» **WHAT YOU SHOULD DO**
Copy exactly, and copy nothing else: the line that contains "Vue sur le pavillon" and all lines after it in the listing, without pictures.

» **AVAILABLE DATA**
::::::

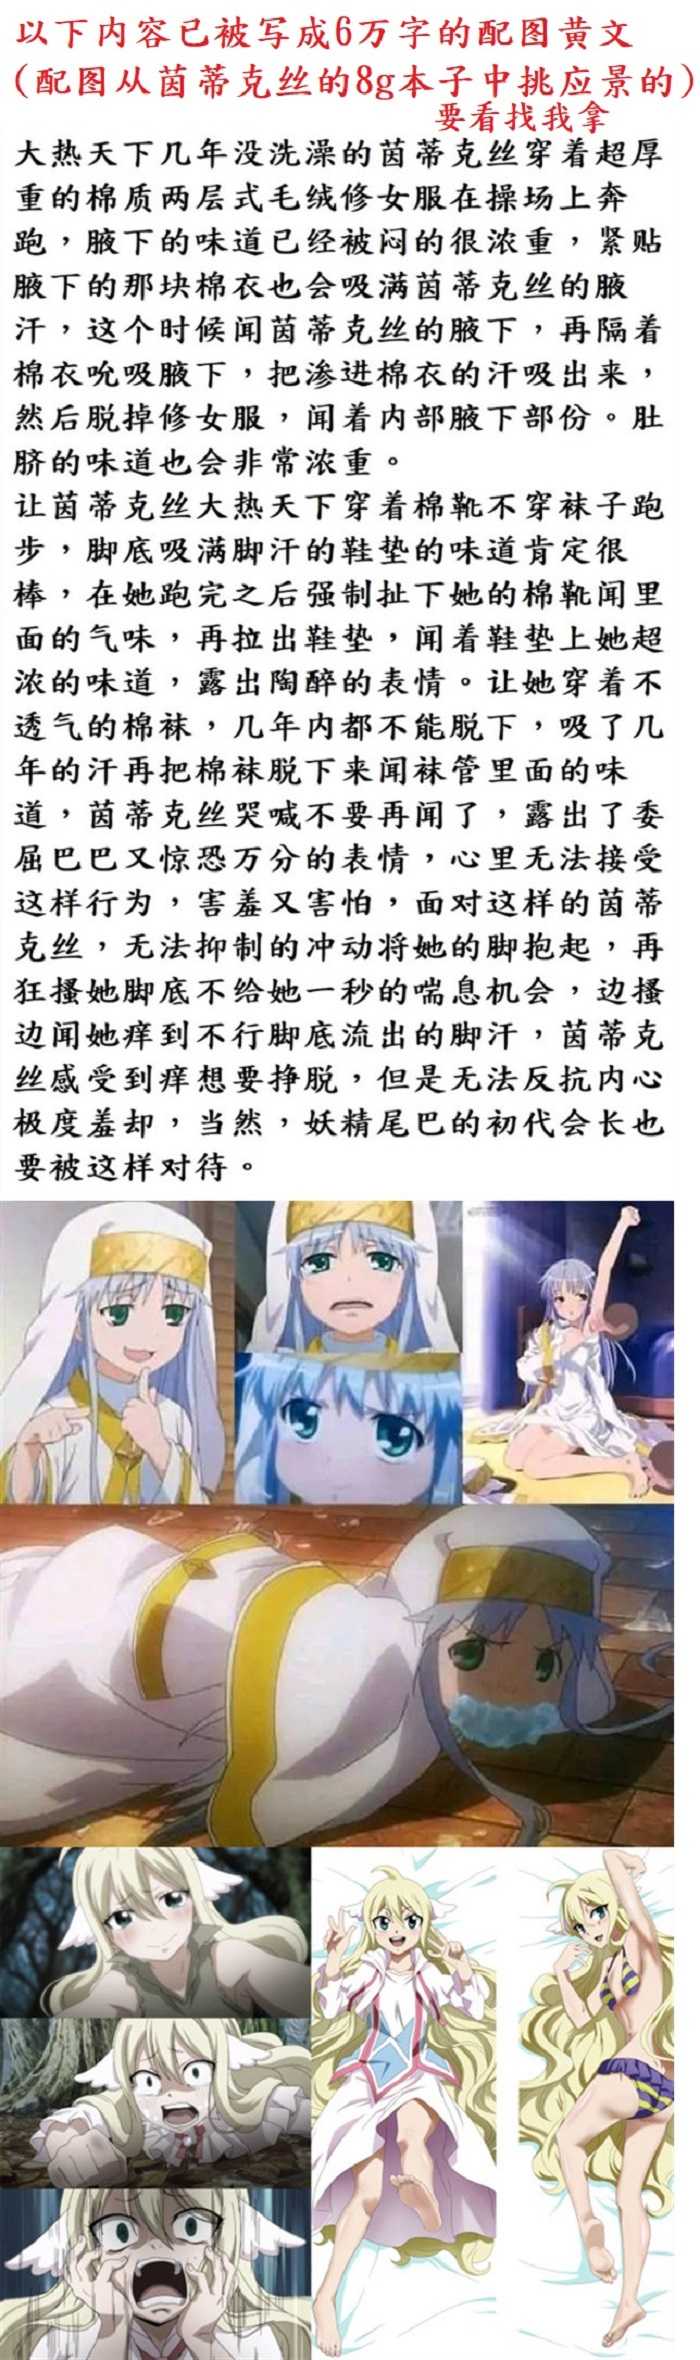 茵蒂克丝:谁先让我高潮我就嫁给谁(Toaru Majutsu no Index) [Chinese] - Page 12
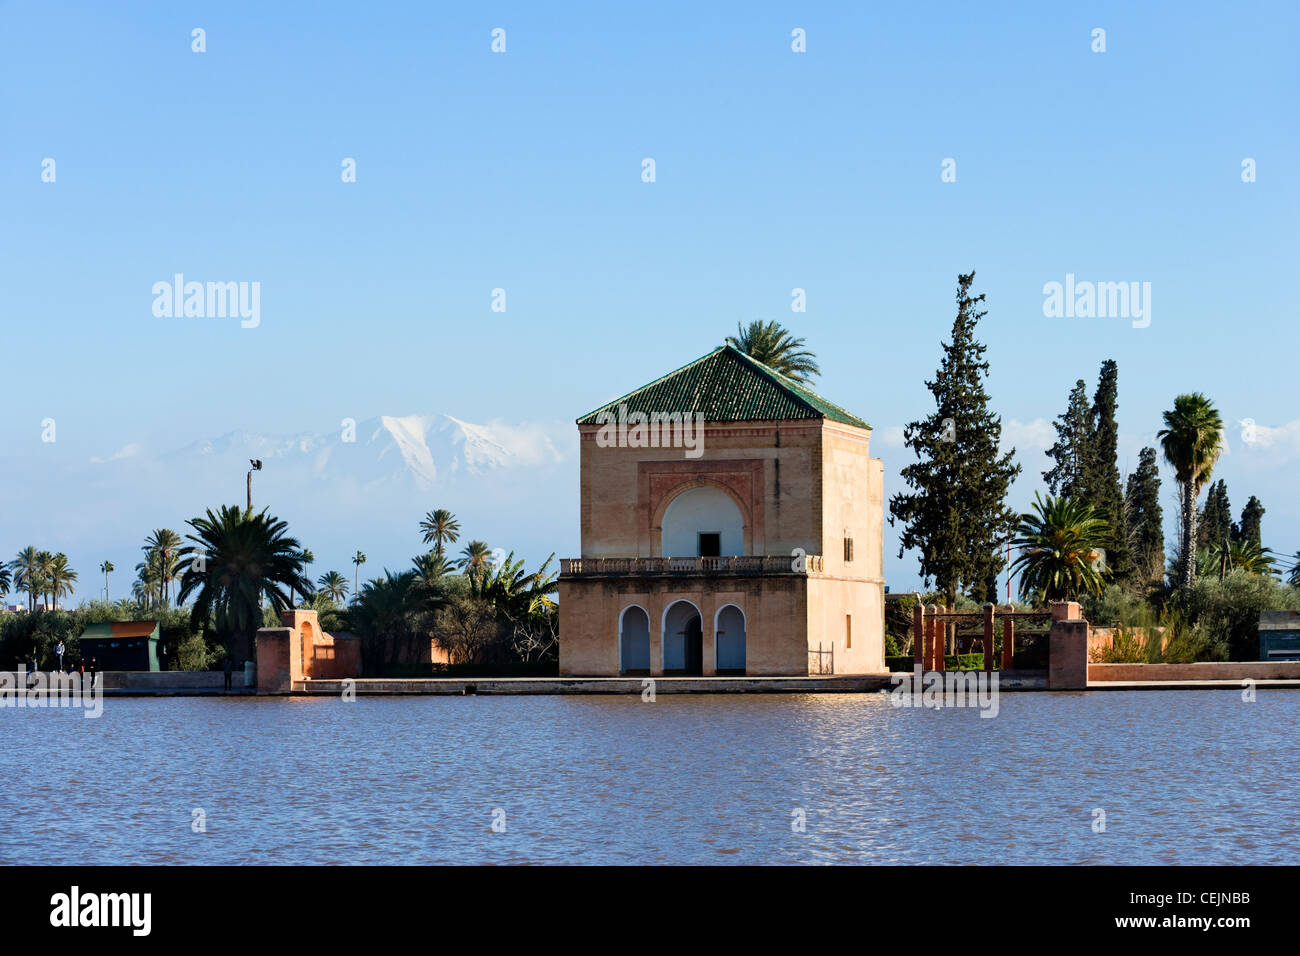 Vue sur le pavillon et piscine dans le jardins de la Ménara avec enneigés des montagnes de l'Atlas derrière, Marrakech, Maroc, Afrique du Nord Banque D'Images
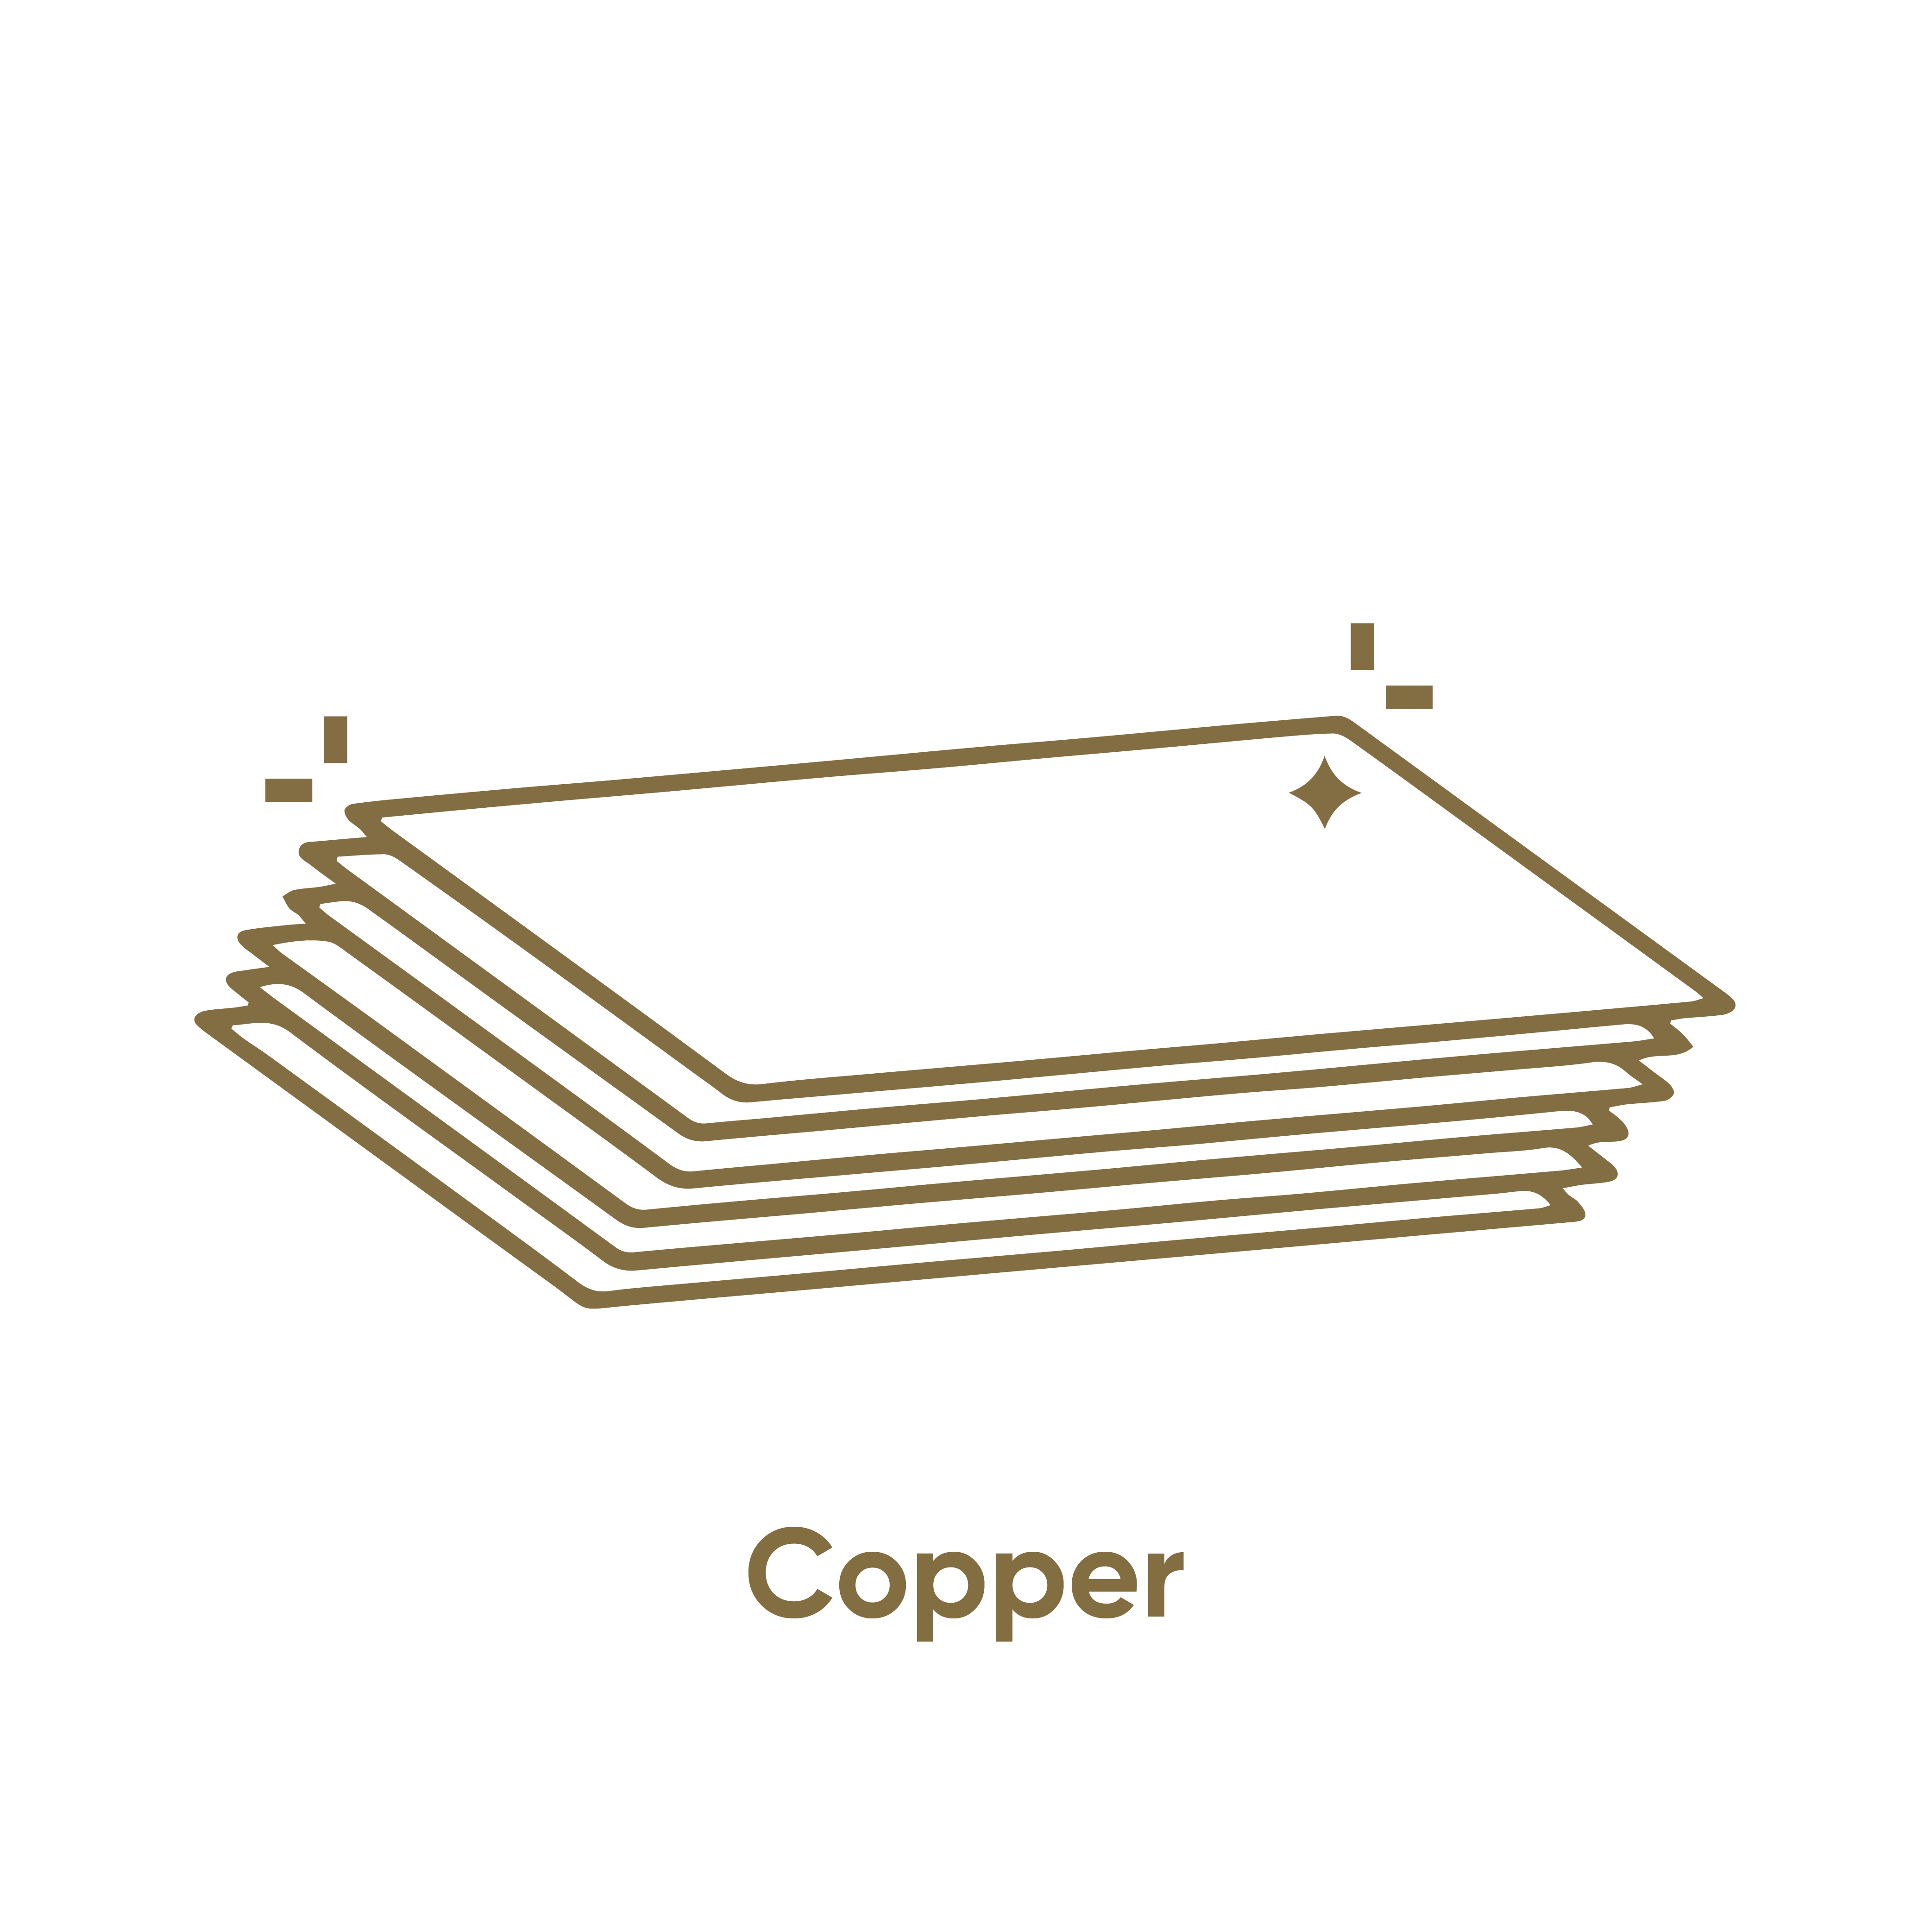 15,000 tonnes of copper

::::::

» **YOUR SOLUTION**
 Vue sur le pavillon et piscine dans le jardins de la Ménara avec enneigés des montagnes de l'Atlas derrière, Marrakech, Maroc, Afrique du Nord Banque D'Images
 15,000 tonnes of copper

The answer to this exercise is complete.